— Work task —
The line containing "Teneriffa 2015 - Original", plus every line that follows it to the end of the listing below, is what you transcribe exactly; omit all pictures.

— Data —
======
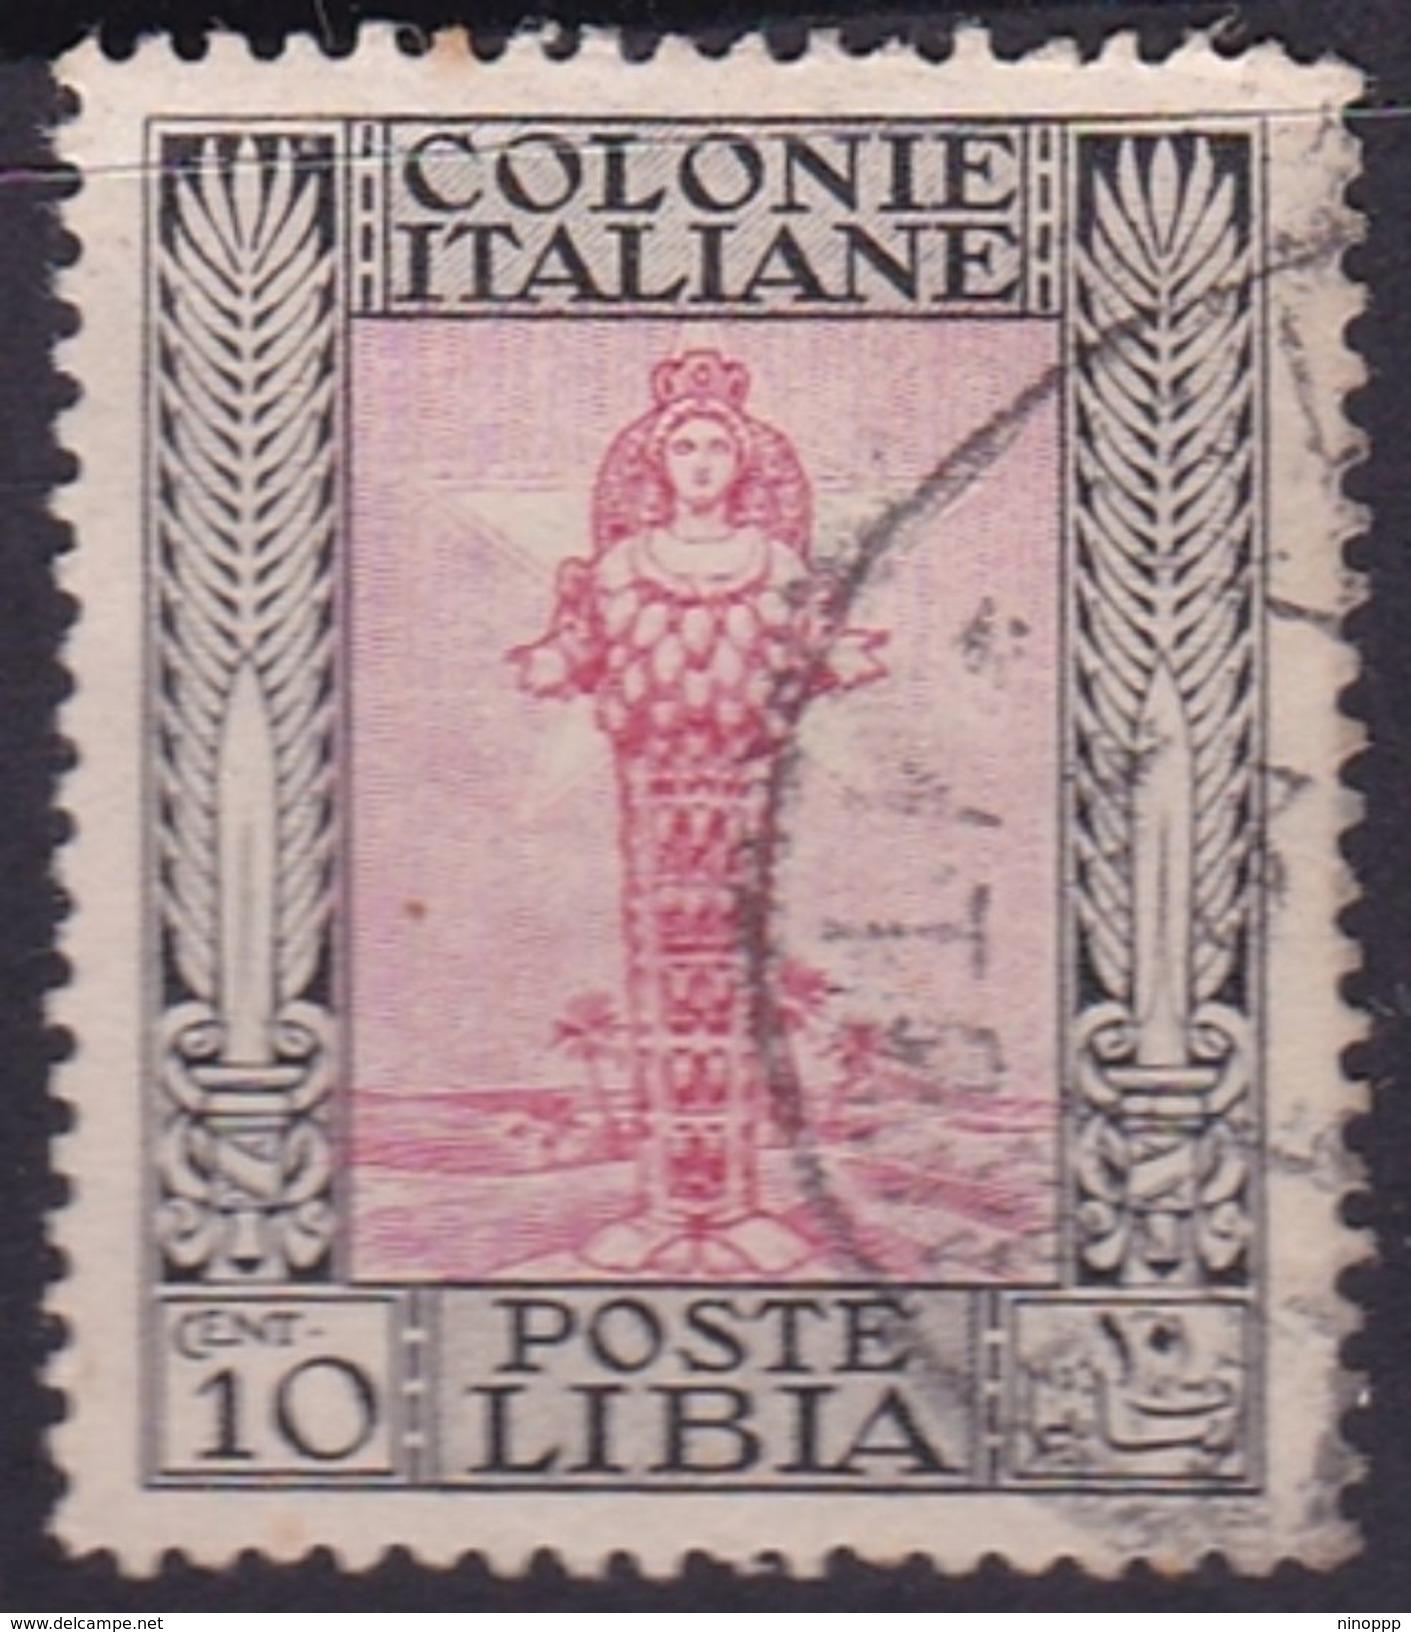 Italy-Colonies And Territories-Libya S 47 1924-29 ,Pictorials No Watermark,10c Diana Of Ephesus,used - Libya
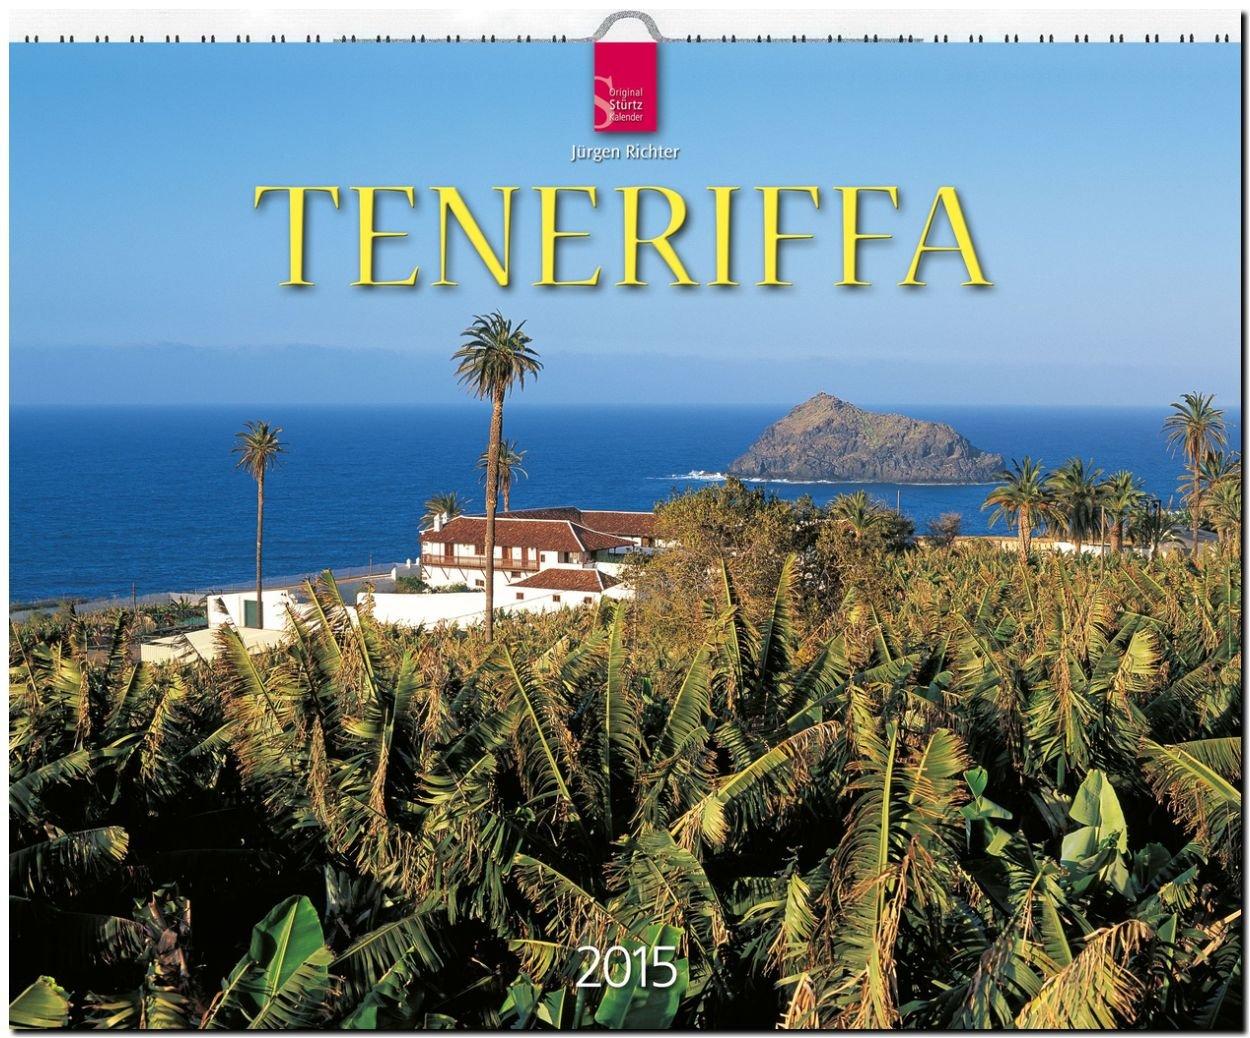 Teneriffa 2015 - Original Stürtz-Kalender - Großformat-Kalender 60 x 48 cm
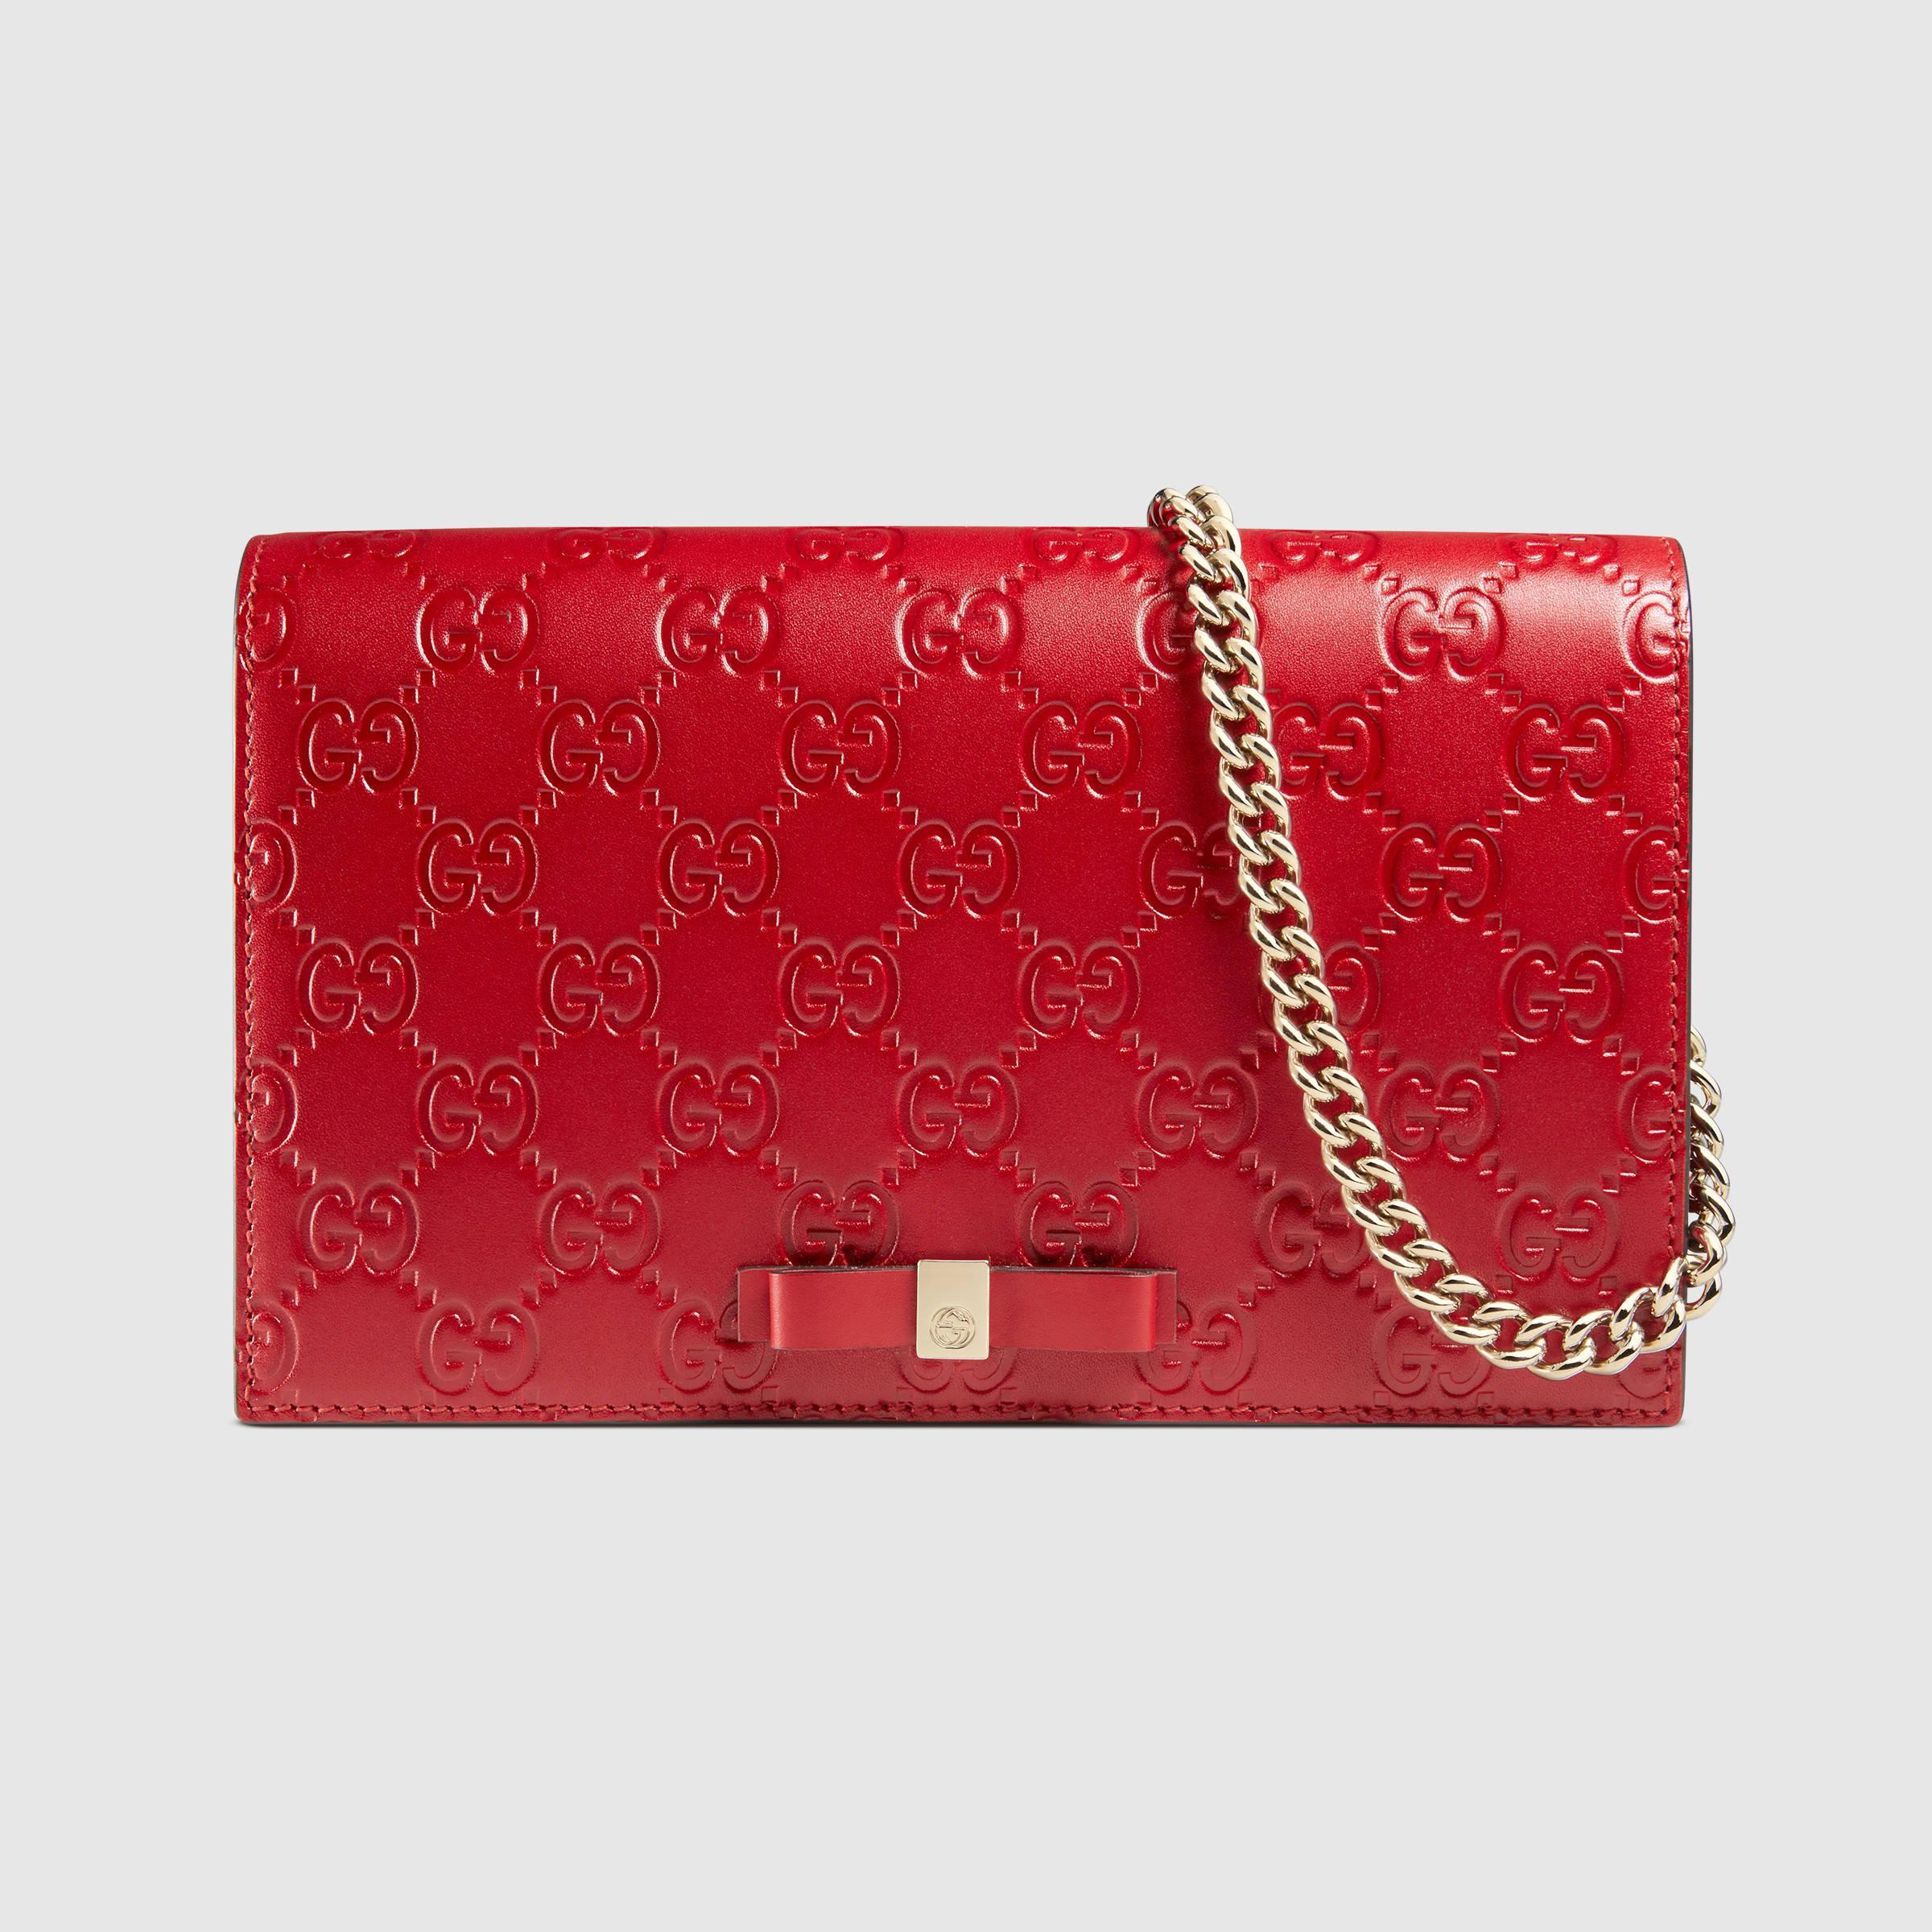 4b59edbe7 Gucci Signature Mini Shoulder Bag in Red - Lyst
======
— Exercise answer —
 Teneriffa 2015 - Original Stürtz-Kalender - Großformat-Kalender 60 x 48 cm
 4b59edbe7 Gucci Signature Mini Shoulder Bag in Red - Lyst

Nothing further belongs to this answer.